Il calcio vede il tifoso come un cliente via cavo: ma c’è ancora chi la domenica si arma di sciarpa, bandiera e voce.

Il Boom del calcio inteso come fenomeno sociale ci proietta, ormai da diversi anni, in una dimensione parallela al gioco stesso. E’ una dimensione fatta di strategie di marketing e di agenzie pubblicitarie che cavalcano un nuovo modello di business.

IL NUOVO MONDO

L’ingresso delle televisioni nell’industria del calcio ha portato talmente tanto denaro che, a distanza di anni, tutti questi fenomeni hanno contribuito a sradicare l’identità delle città verso la propria squadra di calcio.

Un concreto allargamento del concetto economico di “Globalizzazione” che una volta declinato nel calcio fa si che, proprio questa domenica, ci sia un ragazzo di Bergamo al quale non interesserà nulla dell’Atalanta, perché troppo concentrato a seguire le sorti del Chelsea che insegue la Premier.
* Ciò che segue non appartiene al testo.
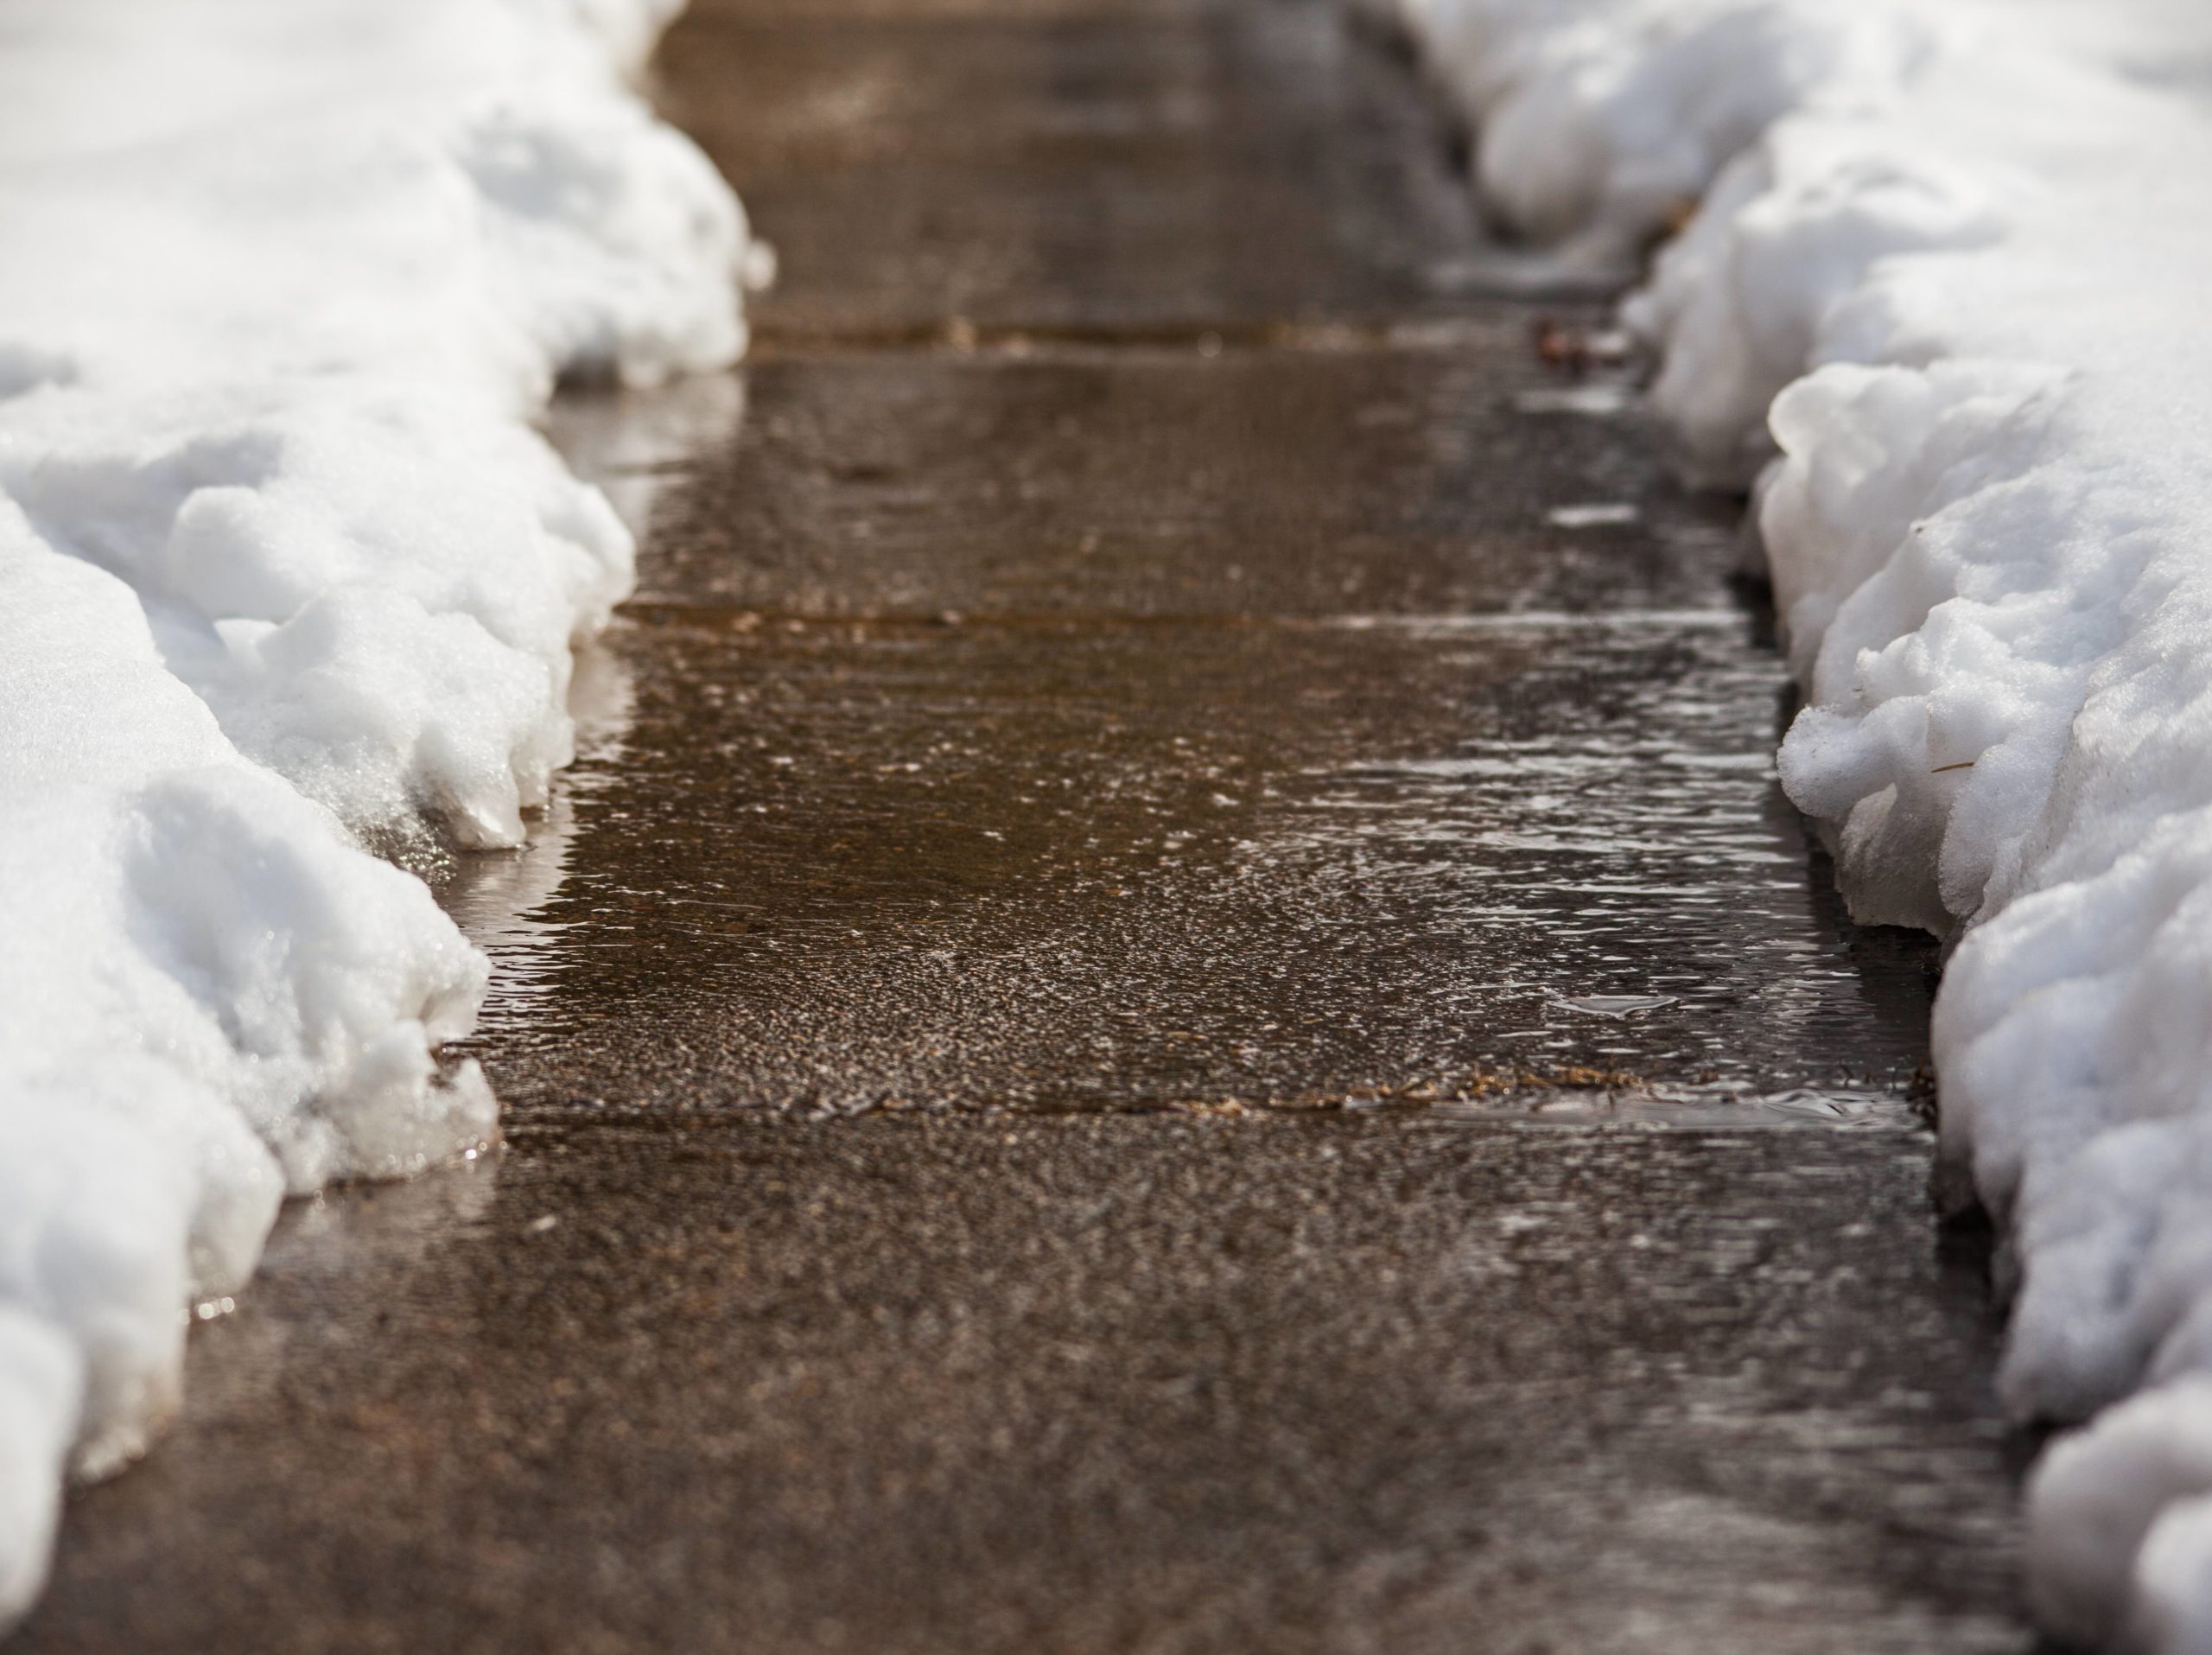 An icy sidewalk

Questo processo evolutivo è aumentato di anno in anno, generando oggi un incredibile divario tra il calcio più mediatico ed il cosiddetto calcio di periferia!

C’ERA UNA VOLTA L’APPARTENENZA

Indubbiamente, a tutti noi che ne scriviamo e ne leggiamo piace il calcio come sport, come intrattenimento o come valvola di sfogo dallo stress quotidiano. Ma se si vuole capire come mai tutti noi abbiamo cominciato a modificare le nostre abitudini sul consumo di calcio bisogna guardare ai cambiamenti che in parallelo abbiamo vissuto, più come società che come singoli individui.

Nella maggior parte dei casi, quando noi quarantenni di oggi eravamo bambini, erano le figure paterne i principali colpevoli che inculcavano la passione per questo sport.

Abbiamo iniziato ad andare allo stadio grazie alla figura del padre, del nonno o anche del fratello maggiore: tutte figure a cui ti affidavi per frequentare un tempio dove vivere sensazioni sconosciute.

In altri casi erano tuoi amici: la tua cerchia sociale determinava l’amore nei confronti di un certo club da sostenere. Il tuo club da allora e fino a quando il fiato ti avesse sostenuto. Non era importante il blasone o il marketing del Club; era solo pura appartenenza.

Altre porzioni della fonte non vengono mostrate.